The following supporting arguments for EIOPA's final view were, in my mind at least, poorly formulated, regardless of whether the end result is still agreeable;

3.48 (Guideline 6)
- Refused to add more definition around what constitutes a "significant decision", which is poor form.

3.58 (All of Chapter III)
- That the expectations of Risk Management in insurers  "...comprise risk management standards which are considered to be matter-of-course and wide spread activities" - extraordinarily loose, considering the lack of a majority-accepted global, or indeed pan-European standard on the subject (IRM/ISO/COSO/FERMA/FSB's efforts notwithstanding)

3.65 (Guideline 19)
- That, while it is "not an easy task", Operational Risks should be quantifiable, and therefore subject to tolerance limits - I don't think it would have hurt to suggest (or even compel the use of) a method if it is that difficult.

3.68 (Guideline 25)
- That firms should maintain Investment Risk-related KRIs outside of what might be provided by normal parties (for example, ratings agencies), which would help "...increase overall risk management" - not entirely convinced that a generic "increase" is any kind of worthy ambition. 

3.74 (Guideline 31)
- That a capital management policy and capital management plan is both necessary (though for not entirely convincing reasons when tying back to the Directive)

3.78 (Chapter VI [Internal Control])
- That there is already plenty of clarification on what the Compliance function is charged with. I would agree in principle, but have heard evidence to the contrary in practice.

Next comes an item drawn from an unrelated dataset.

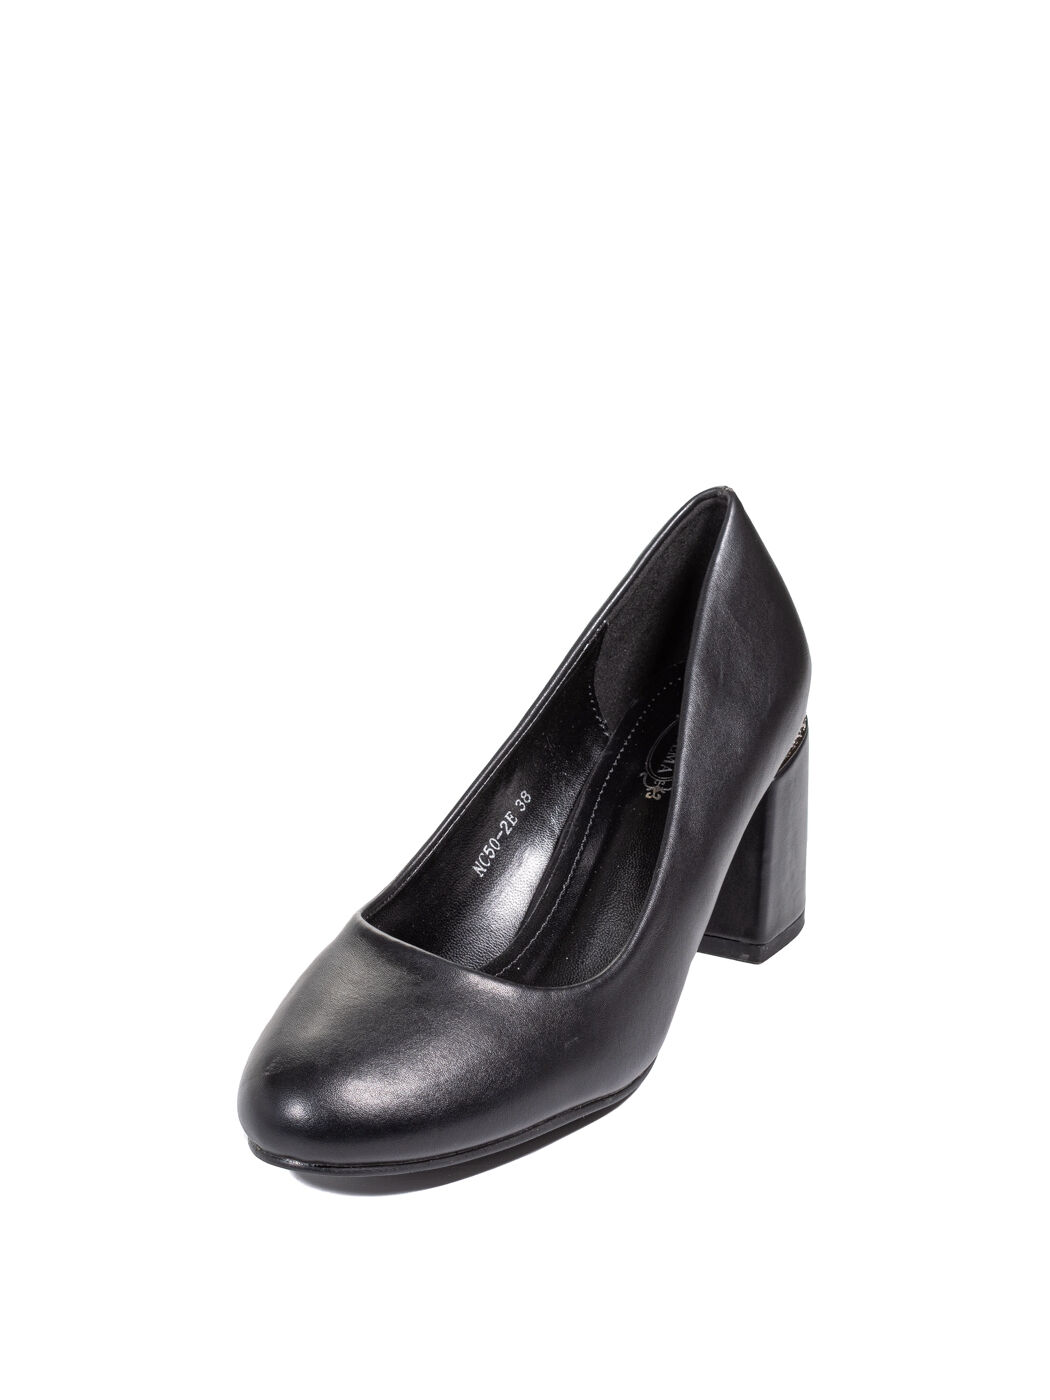 Туфли женские черные экокожа каблук устойчивый демисезон EM вид 1

3.81 (Chapter VII [Internal Audit])
- That they neither wish to mandate or discourage rotation of Internal Audit staff or whistleblowing direct to NCAs - in which case, why mention it!

3.110
- A bizarre comment in response to a suggestion that a public statement should be released by the AMSB annually regarding the discharge of responsibilities around the system of governance that the Directive "...only deals with internal governance, not corporate governance" - think I know what they are fishing at, but terribly worded.

3.144
- Justify their decision not to define risk appetite and risk tolerance in the context of these guidelines

They have however provided some more defendable clarifications, for example;

3.51 (Guideline 11)
- Clarified that the gold-plated "Fit and Proper" requirements apply to AMSB/Control Function staff only, as well as specify what is expected from Outsourcers.

3.57 (Chapter III [Risk Management])
- That in the context of separating the duties of the Risk and Actuarial functions, the Directive is abundantly clear and that undertakings "...cannot deviate from [the Directive's] distribution of tasks"

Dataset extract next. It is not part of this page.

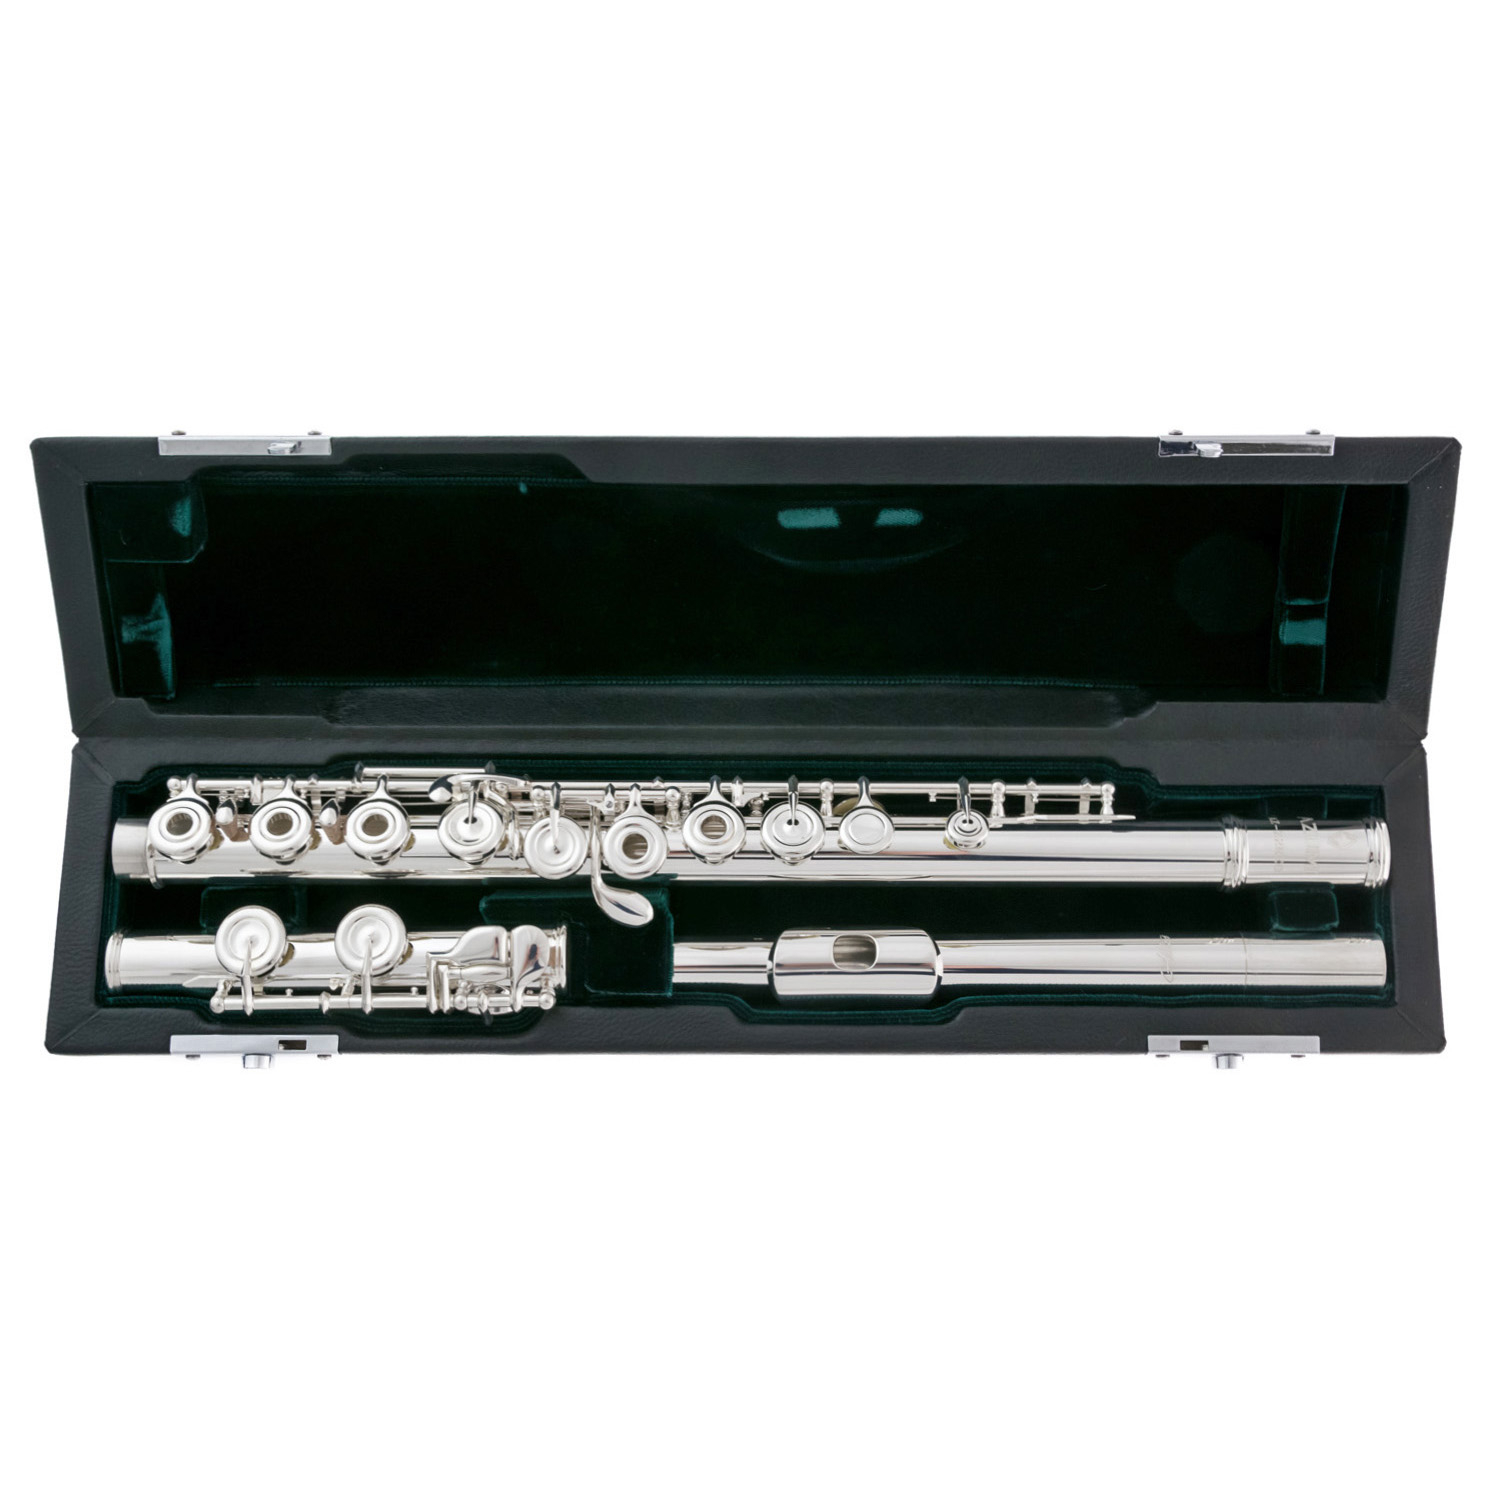 Azumi Flute - AZ Z3 CE

3.62 (All "Policy"-related guidelines)
- That efforts should be targeted towards drafting the required documents during the preparatory phase. I would imagine this would be "re-working" in the UK, where such activity is most probably long done.

3.67 (Guideline 19)
- That there is no compulsion for firms to operate an electronic database to store operational risk events

3.85 (Chapter VIII [Actuarial])
- That, regardless of the absence of a valuation framework for TPs, the processes behind their co-ordination and calculation justify early activity, rather than "wait and see" on Pillar 1.

3.124
- Regarding Op Risk, activity will have to include "...identifying all operational risks that have crystallised and their near misses" (my emphasis)

Relatively easy in summary then - if it was a gap/issue in your system of governance in March, it probably still is, so go and fix it!